While he hadn’t yet heard any concrete indications, Strike feared that Murphy might be planning a proposal. Murphy and Robin’s relationship appeared to be as strong as ever, and both were clearly of a marrying disposition, given that each of them already had an ex-spouse. Robin was in her thirties, and might even be thinking of children. She’d seemed ambivalent on that subject the only time it had ever been mentioned between her and Strike, but that had been a while ago, before she’d met her handsome CID officer. After their last big case, and Robin’s long and traumatic spell undercover, she might well feel now was the time to take a career break. These fears added urgency to Strike’s predicament. He needed to speak up before Murphy went ring shopping, or Robin announced she’d be needing maternity leave.

‘Never let the other chap change your game plan,’ Ted had once told Strike, though they’d been speaking of boxing, rather than romance. ‘Stick to your own, and play to your strengths.’

And what were Strike’s strengths, in this particular case?
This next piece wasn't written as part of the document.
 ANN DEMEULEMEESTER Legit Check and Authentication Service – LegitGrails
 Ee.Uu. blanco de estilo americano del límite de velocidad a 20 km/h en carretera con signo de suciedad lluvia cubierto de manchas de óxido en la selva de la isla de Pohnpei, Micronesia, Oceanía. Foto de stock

Undoubtedly, the agency that he and Robin had built together, which he was almost certain meant as much to her as it did to him. Their work offered opportunities, although lately not enough of them, to spend a lot of time together. So many missed chances, thought Strike bitterly: overnight stays, shared meals and long car journeys, and he, like the stupid prick he was, had prided himself on not letting his attraction overmaster him, and what was the upshot? He was sitting here alone with the dregs of a pint and a throbbing leg, while Murphy was probably at Robin’s flat, racking up points by bringing flowers and heating up soup.

Bored by his own misery, he got to his feet again and washed his dinner things. Brooding would do no good whatsoever: what was needed was decisive action.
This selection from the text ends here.